Дверь оставалась распахнутой, и Борис видел всё, что происходило внутри. Едва в дверях показалась Вера, кинулся навстречу.

Резко задребезжал телефон, один из связистов инстинктивно оторвал руки от стены.

— Стоять! — приказал Рудик. — Айн момент! — крикнул в трубку и положил обратно.

— Переведи: если они, раньше чем через полчаса, вздумают выбираться наружу — пристрелим на пороге!

Говоря это, Ванько выдёргивал из трубок и аппаратов шнуры. Поискал глазами оружия — такового не оказалось. Извлек из кобуры запасную обойму, разломил табуретку и, прихватив ножку, кивнул: «смываемся».

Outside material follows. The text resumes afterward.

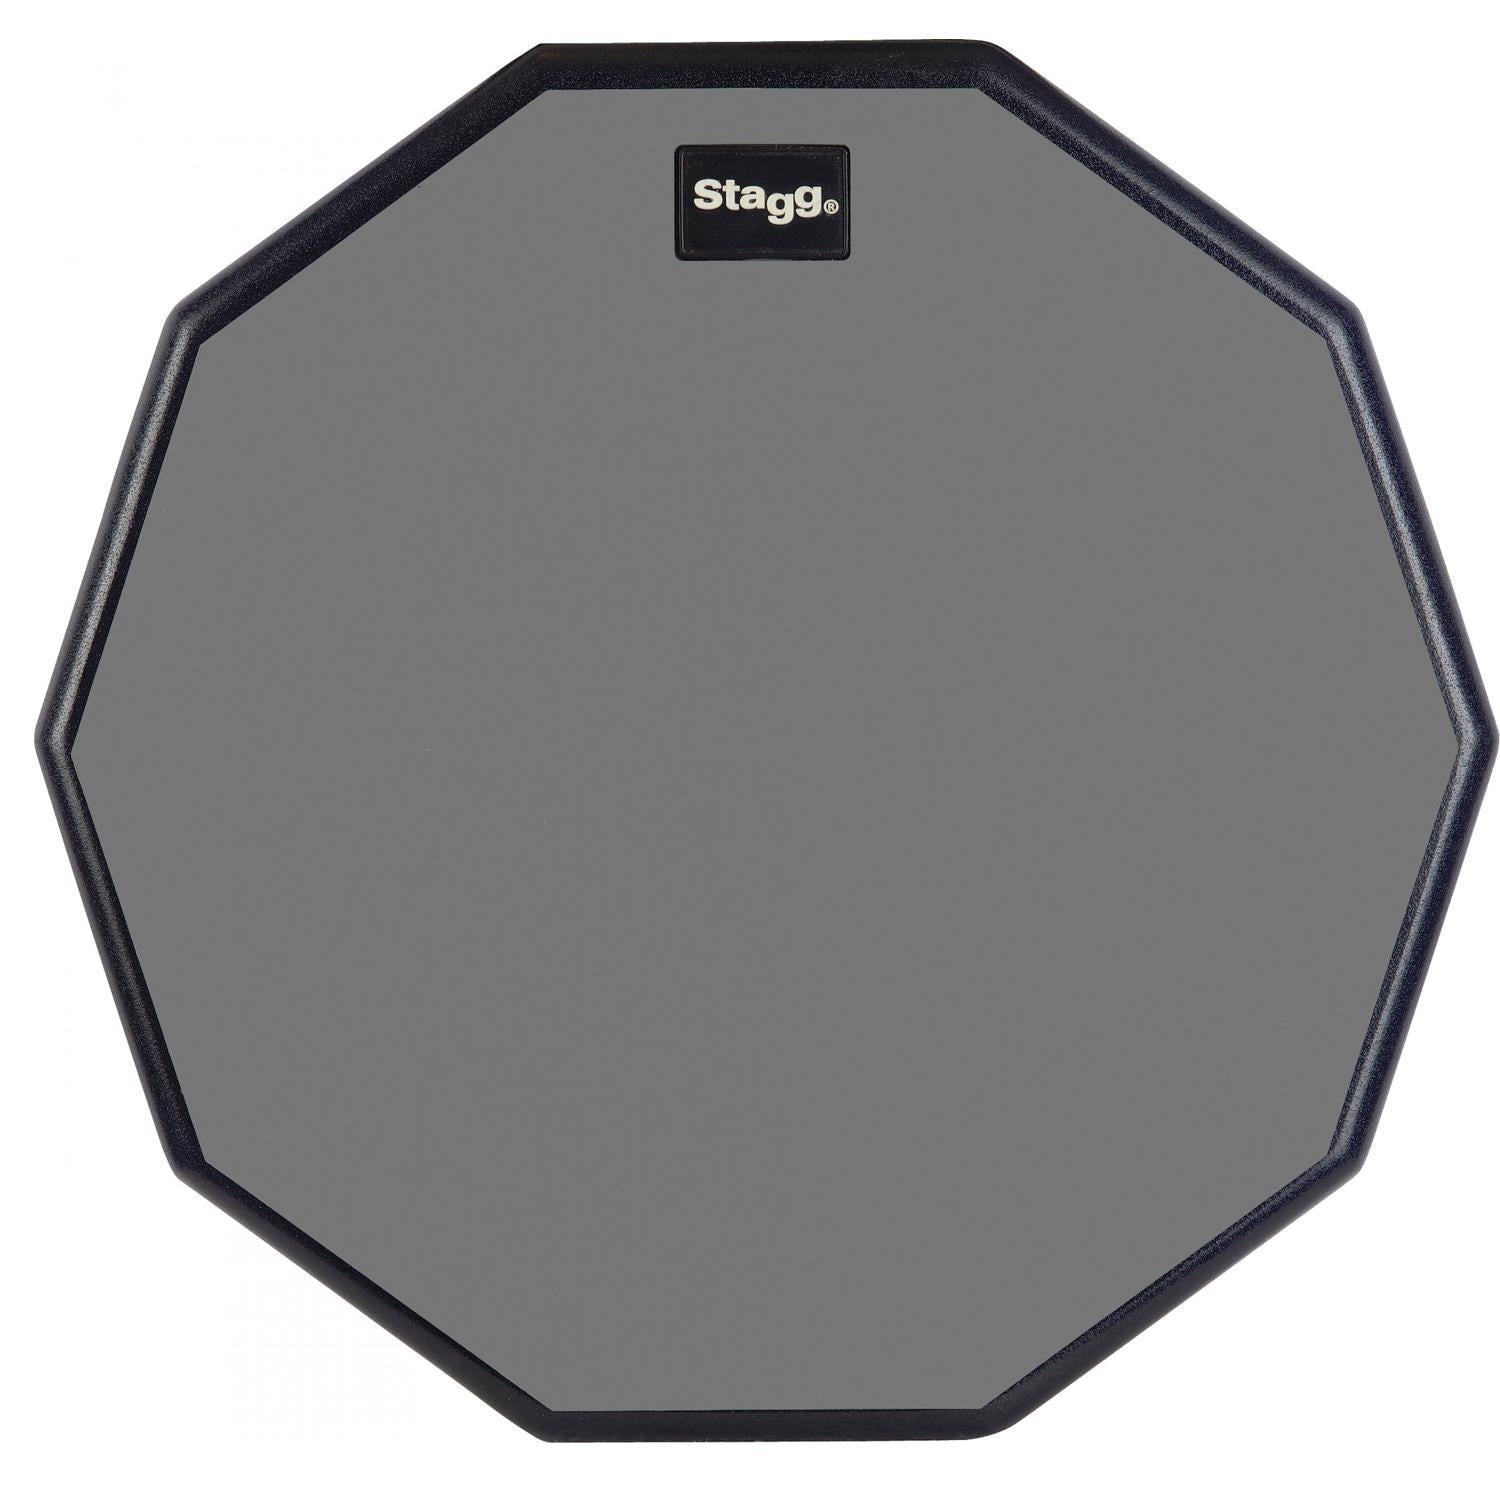 Stagg TD-12R 12" Practice Drum Pad - DY Pro Audio

Ножку просунули в дверную ручку снаружи, и дверь, открывавшуюся внутрь, открыть стало очень непросто. К этому времени, передав Веру из рук в руки поджидавшим в кустах, вернулся Борис.

— Вытрите лица и возвращайтесь в хутор, — распорядился старшой. — Через путя переходите порознь. А я с полчаса подожду для страховки.

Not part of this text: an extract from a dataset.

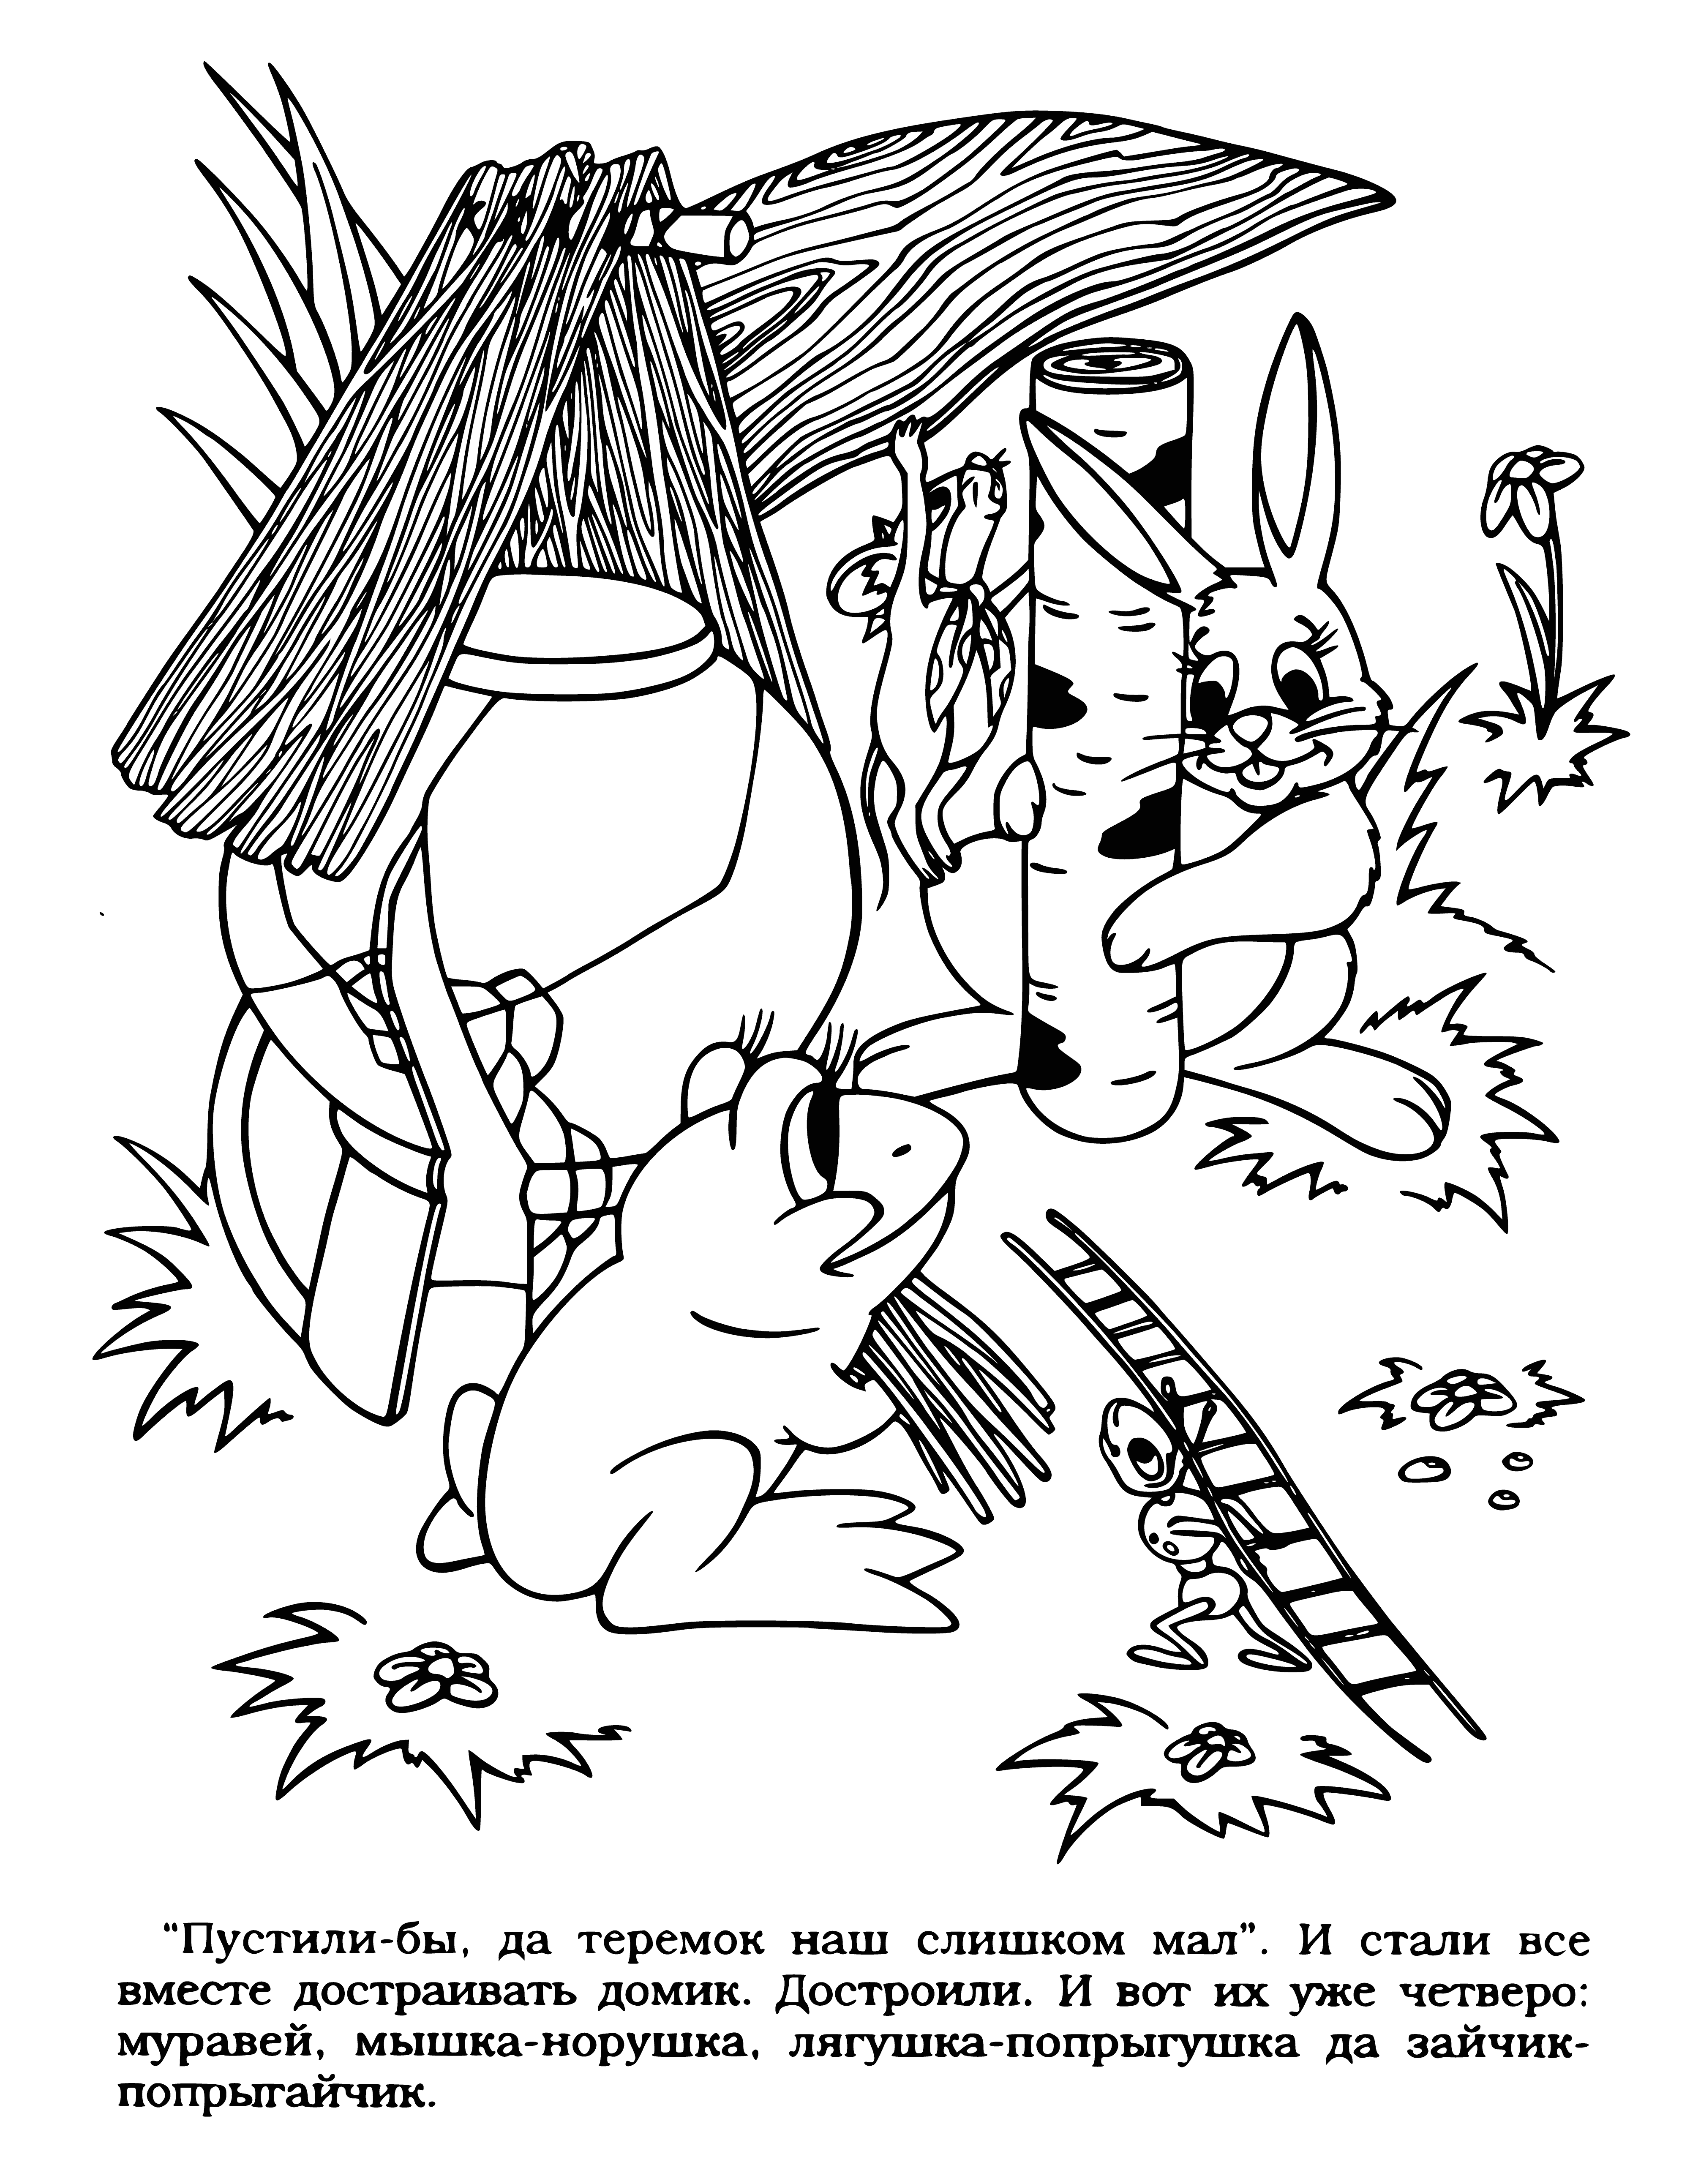 coloring page: A white rabbit in a green field holds a red flower in its mouth. Trees and mountains in the background complete the scene. #folktale

Смеркалось. Через насыпь проскочили благополучно. Кукуруза у станции всё ещё была густой, под её прикрытием без осложнений возвратились домой.



Выяснилось: Борис смастерил из кусочков цветной изоляции «красивое монисто» и преподнёс своей зазнобе. Бдительный связист — это ему, видать, дважды пришлось восстанавливать поврежденную линию — увидев это украшение на шее Веры, сообразил, что к чему. Дорого могла стоить легкомысленность этого поступка… «Ювелиру» пришлось выслушать неприятные, но справедливые слова упрёков.

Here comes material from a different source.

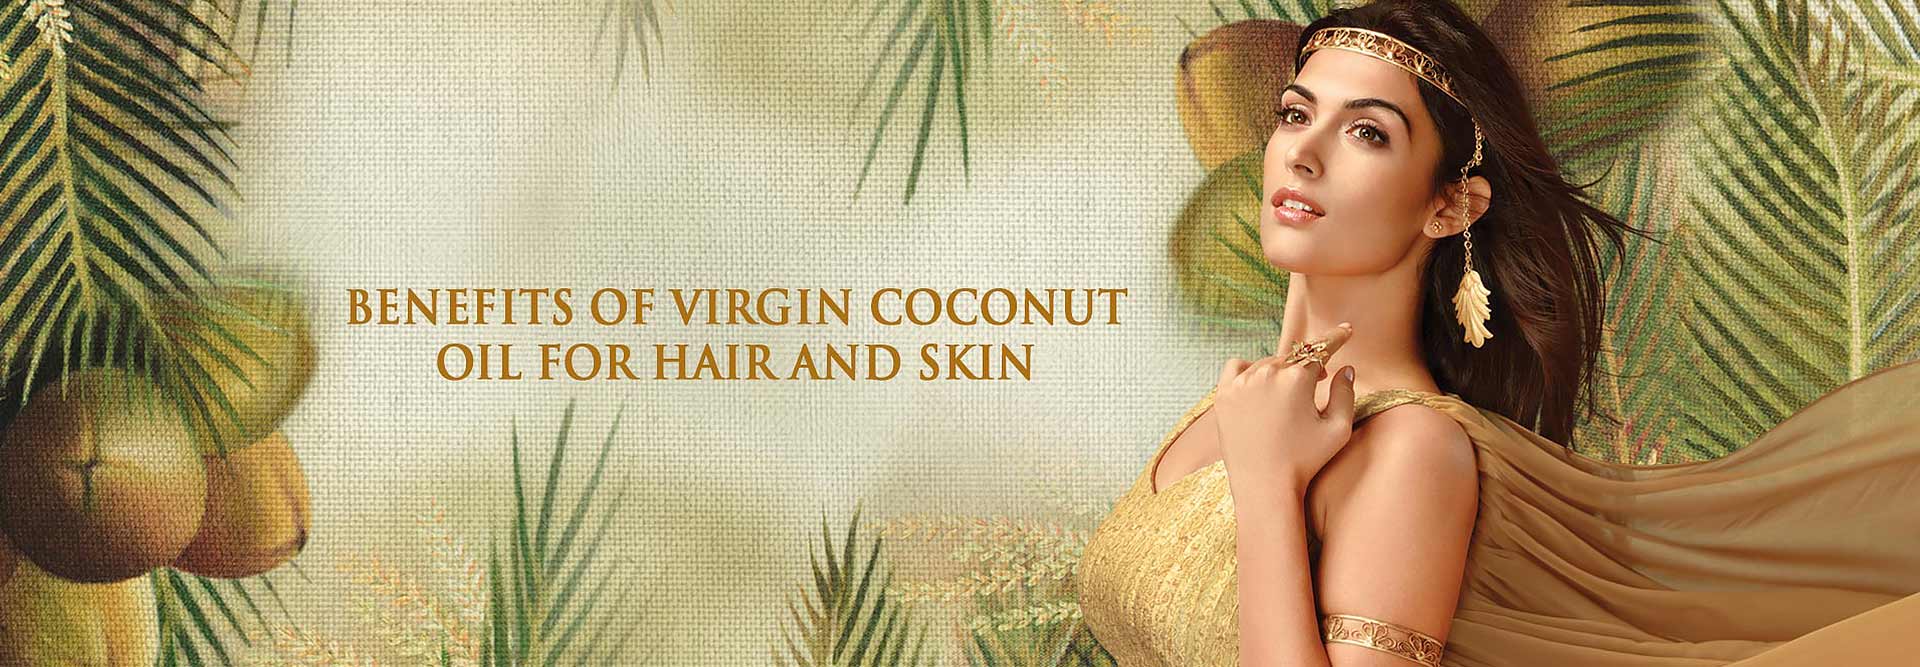 Benefits Of Virgin Coconut Oil For Hair And Skin

Вчера на закате многочисленное вороньё, держа путь на ночёвку, устроило в небе неистовую свистопляску. Неудержимая ли радость или, наоборот, чувство обеспокоенности обуяли этих, в общем-то, спокойных и солидных кубанских аборигенов, только они словно взбесились: кувыркались, взмывали вверх-вниз, метались, будто играли в перегонки в малиновых лучах предзакатья, оглашая округу криками. В этот вечер нашим пацанам было не до ворон, а то бы и они поняли: быть назавтра перемене погоды! Выскочив поутру на физзарядку, Ванько был немало удивлён: за ночь ветер сменил направление на обратное. Вчерашние, такие весенне-лёгкие, пушистые облака, развернувшись, сгрудились, помрачнели, набухли свинцовой тяжестью, замедлили ход. Словно стыдились в столь неприглядном виде возвращаться туда, где ими любовались ещё вчера. То и дело срывалась колючая снежная заметь, пронизывающий ветер швырял ею в лицо, шелестел о стены хаты, наметал Туману в будку.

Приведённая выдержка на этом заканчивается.